I found an article by Mark Oxley, not a peer reviewed one, which raises serious questions of the article [13]:
Oxley mentions many relevant issues why [13] is not a proof of the validity of the radiocarbon tests of 1988. I had to read [13] myself. It seems to be like this. They had a 0.5*1 cm piece of Turin Shroud that was for some reason saved in 1988, though nobody knew that they were saving it. But there is reason that they did save the piece, and apparently they also saved another piece that nobody knows where that is. For the article [13] the researchers pulled 12 linen fibers from this sample. The sample should have about 600 fibers, so they looked at 2%. They did not find any coating by Madder rood dye, which Raymond Rogers had earlier found and what is strong supporting evidence that there was mending in this part of the shroud. The authors of [13] explain that linen fibers do not easily get dyed by Madder root, which well explains why they found no such dye. Actually Rogers had found this dye from cotton fibers in the shroud. The authors of [13] admit that theis sample had some cotton fibers, but as they did not look at the cotton fibers for Madder root dye, so they naturally did not find any. Besides, as the dye is water soluble, it would very probably have been removed from the sample that [13] used. Thus, they could not find any dye as there very likely was not any dye in the fibers that they looked at. The final conclusion in [13] is that they did not find any evidence to doubt the dating done in 1988. Surely there is some circular reasoning here.
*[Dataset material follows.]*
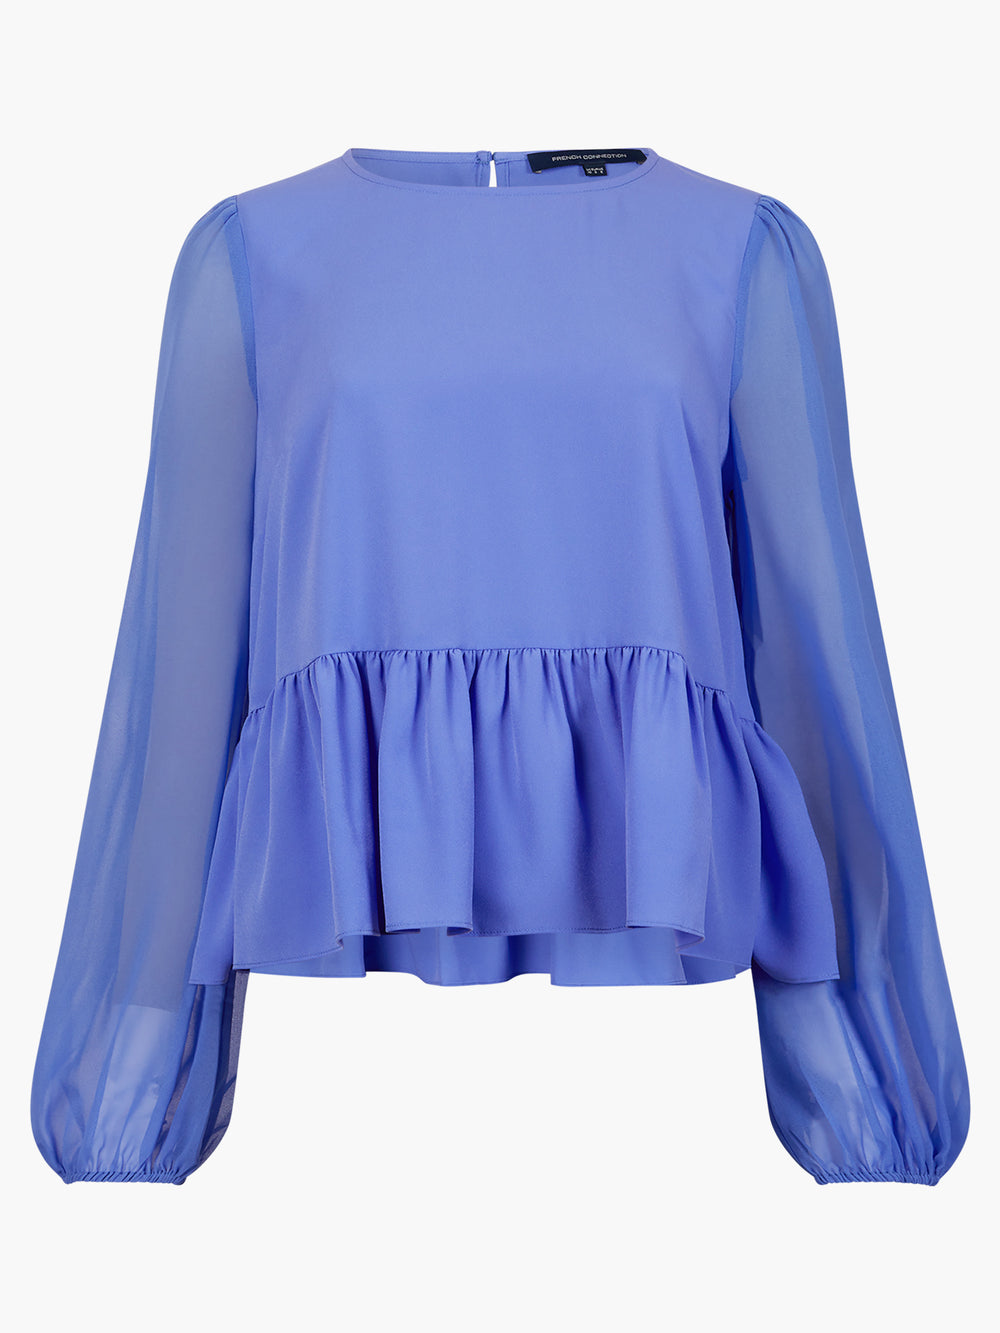 Crepe Light Georgette Peplum Top Baja Blue | French Connection UK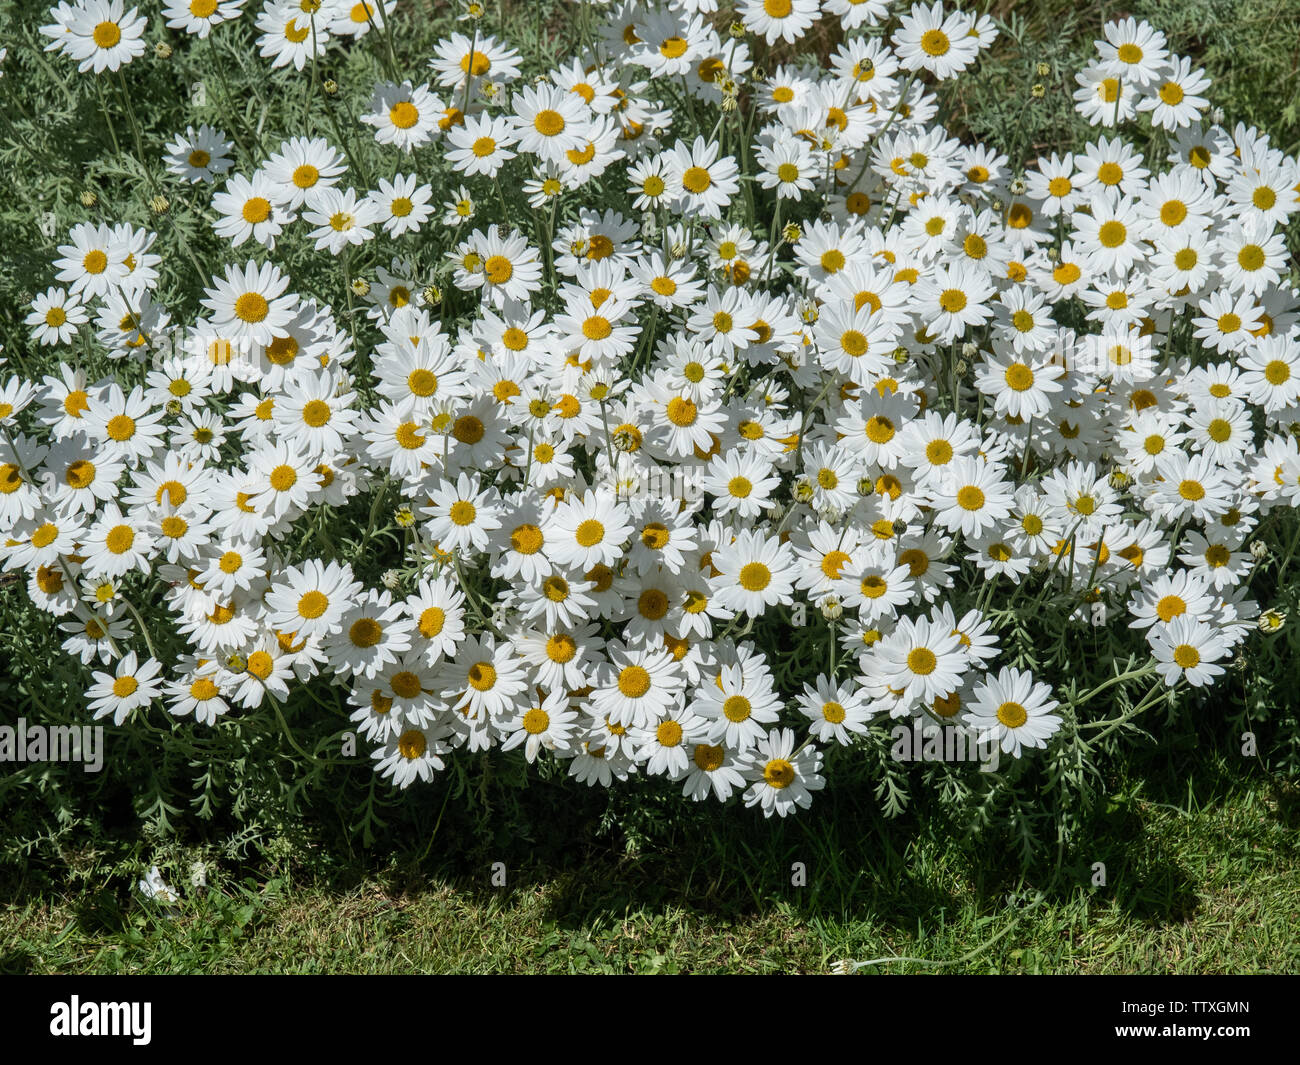 A large clump of white daisy flowered Anthemis cupaniana growing at the front of a border Stock Photo

So, that’s about it of this topic. No progress here. But the miserable state of science in the USA seems to be more convincingly demonstrated. The problem is not the so called crackpot conspiracy theoreticians. It is the lying skeptics and false debunkers pretending to represent science while having an ideological agenda.
2 Comments
I was wondering if steven d schafersman has updated his article and if so can you comment on if it gives a convincing argument
From the web by a quick search I, the latest arguments by Steven D. Schafersman is from 2013, so ten years ago.
But if you know a newer paper and it is for free and you can give me a pointer, I will read and comment it.